New York City Mayor Bill de Blasio has joined the gun control advocacy group Mayors Against Illegal Guns and pledged to “force this issue on the national stage” as advocates try to keep the issue alive.
The newly installed mayor follows in the footsteps of his predecessor Michael Bloomberg, who co-founded the group in 2006 and has tried to keep gun control at the forefront of the national dialogue since the December 2012 school shootings in Newtown, Conn.
“We are taking every step within our own power to protect our own people, and we need our leaders in Washington and other states across the country to do the same,” Mr. de Blasio said. “Mayor Bloomberg took on this fight when few others would, and today we are safer for it. He built a national movement for commonsense gun control — one I am proud to join. We are going to force this issue on the national stage to protect New Yorkers from the illegal guns flooding into our city.”

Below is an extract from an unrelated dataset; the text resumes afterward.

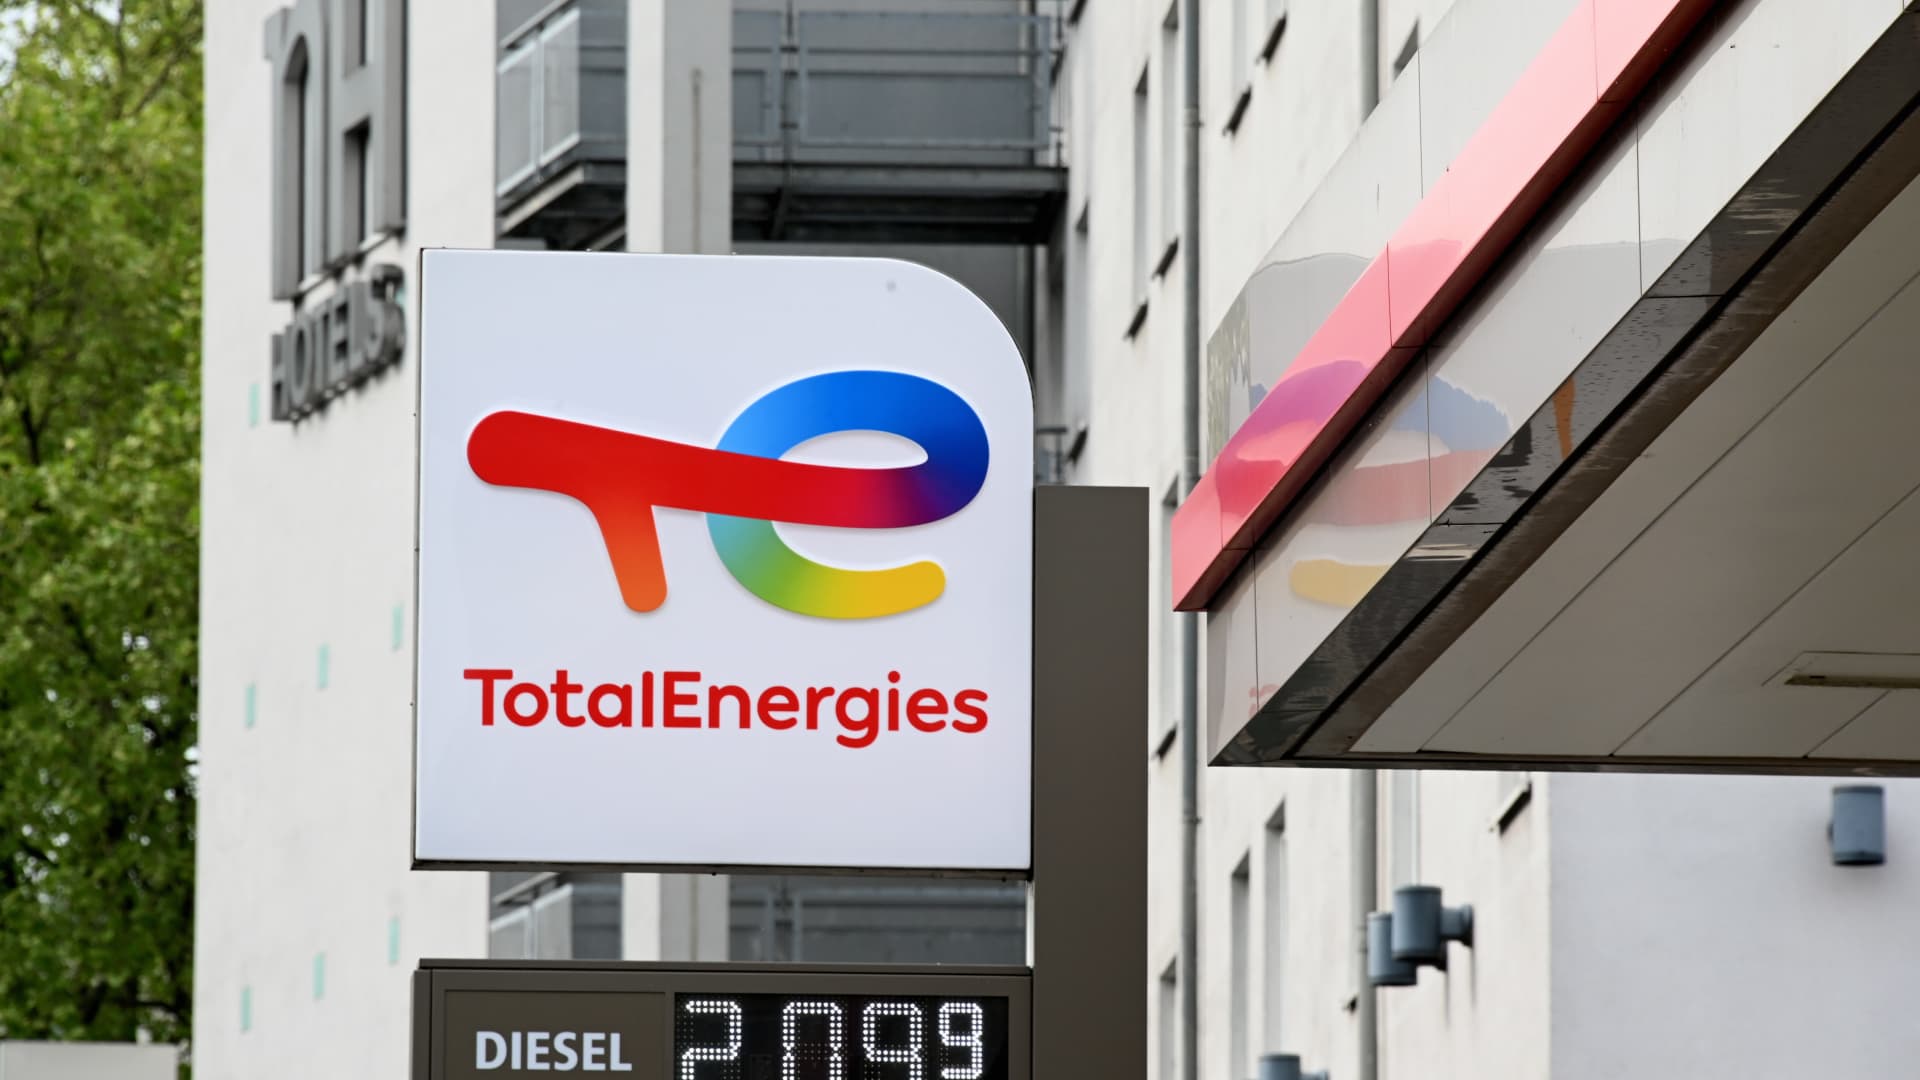 ‘Life is like it is’: TotalEnergies CEO defends strategy despite calls to cut fossil fuel production

After the shooting deaths of 20 children and six adults at Sandy Hook Elementary School in Newtown, New York Gov. Andrew Cuomo helped shepherd some of the strictest gun control laws in the country through the state legislature.
Last month, a federal judge upheld most of the law, known as the SAFE Act, including a provision banning military-style semiautomatic rifles and high-capacity magazines.
U.S. District Judge William M. Skretny, however, called the law’s limit on bullets to seven per magazine “tenuous, strained and unsupported.”